Marian Fisher

Personal information
- Full name: Marian O'Shaughnessy
- Born: Marian Fisher November 6, 1954 (age 71)

Medal record
Women's athletics
Representing Australia
Pacific Conference Games
| Gold medal – first place | 1977 Pacific Conference Games | 400 m hurdles |
| Gold medal – first place | 1977 Pacific Conference Games | 4x100m relay |
| Gold medal – first place | 1977 Pacific Conference Games | 4x400m relay |
| Gold medal – first place | 1981 Pacific Conference Games | 4x400m relay |

= Marian Fisher =

Australian hurdler (born 1954)

 Marian O'Shaughnessy (born November 6, 1954) is an Australian retired female track and field athlete. She competed in the 400 meters and 400 meters hurdles events. She won four gold medals at the Pacific Conference Games during her career.

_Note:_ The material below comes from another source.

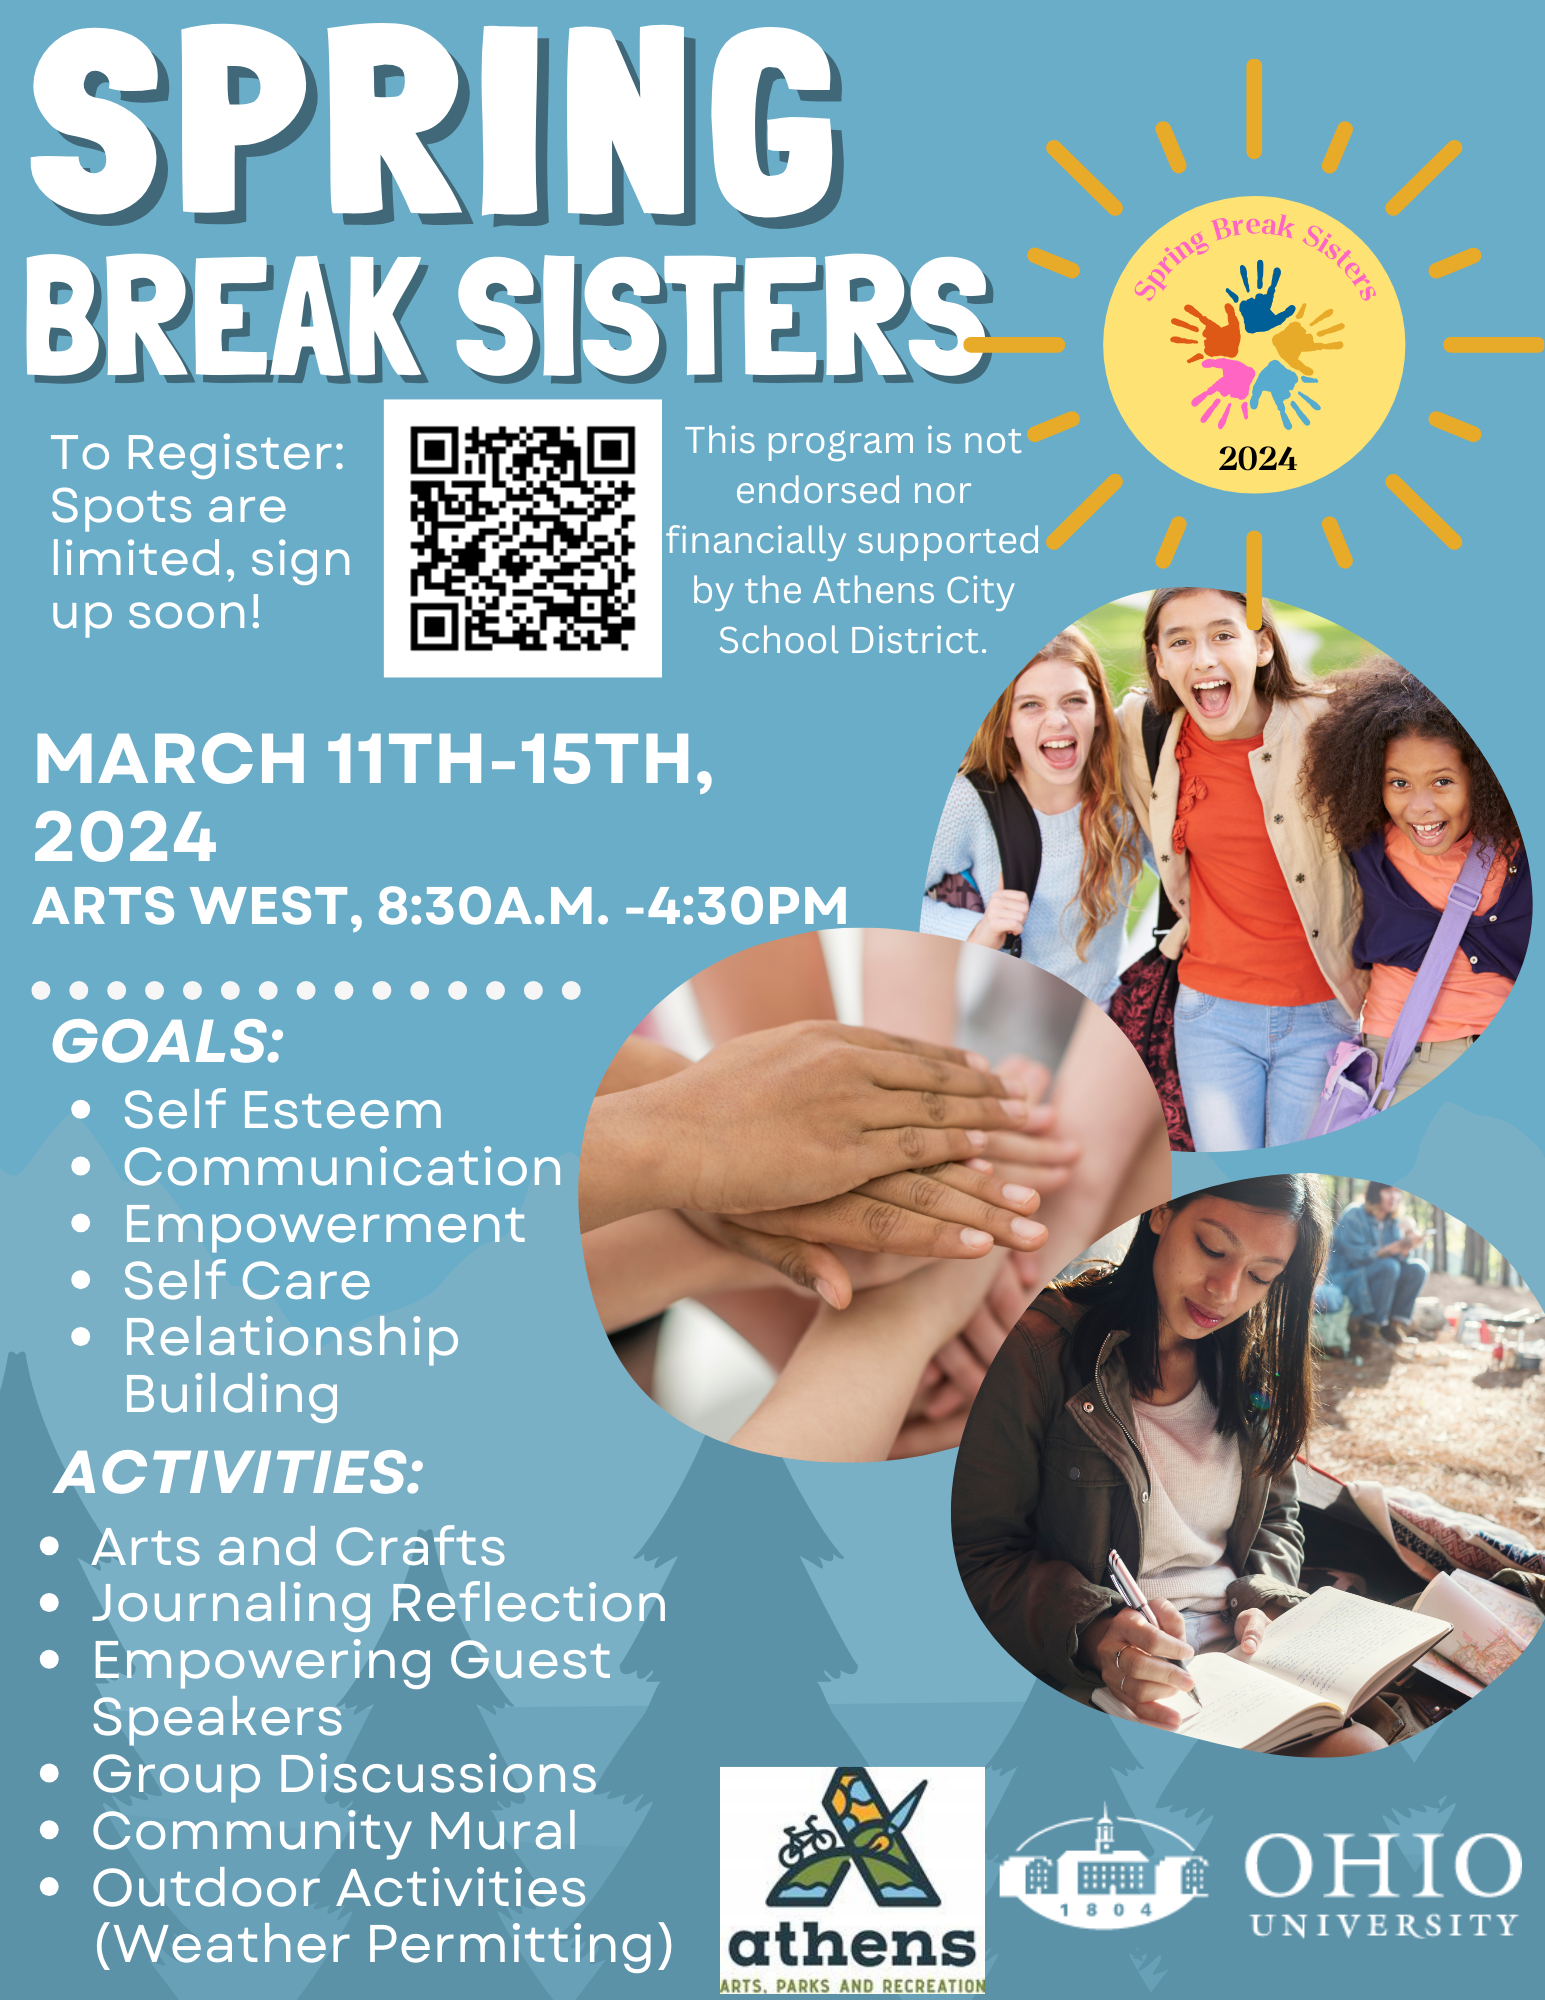 A flyer for the Spring Break Sisters program.

Fisher was the first Australian woman's champion at the 400m hurdles in 1976 and the first to win a medal in an international competition with her gold at the 1977 Pacific Conference Games. At that competition she also won gold in the 4 × 100 m and the 4 × 400 m relays plus a bronze in the 400m.

Under her married name of O'Shaughnessy, Fisher won a further gold in the 4 × 400 m relay and a bronze in the 400m at the 1981 Pacific Conference Games.

Fisher also represented Oceania in the 4 × 400 m relay at the Athletics World Cup in 1977, 1979 and 1981.

In Australia, Fisher was three times champion in the 400m hurdles 1977-79 and 400m champion in 1977.

==Awards and accolades==
In 2021, Fisher as Marian O'Shaughnessy was elected as a Life Member of Athletics Australia.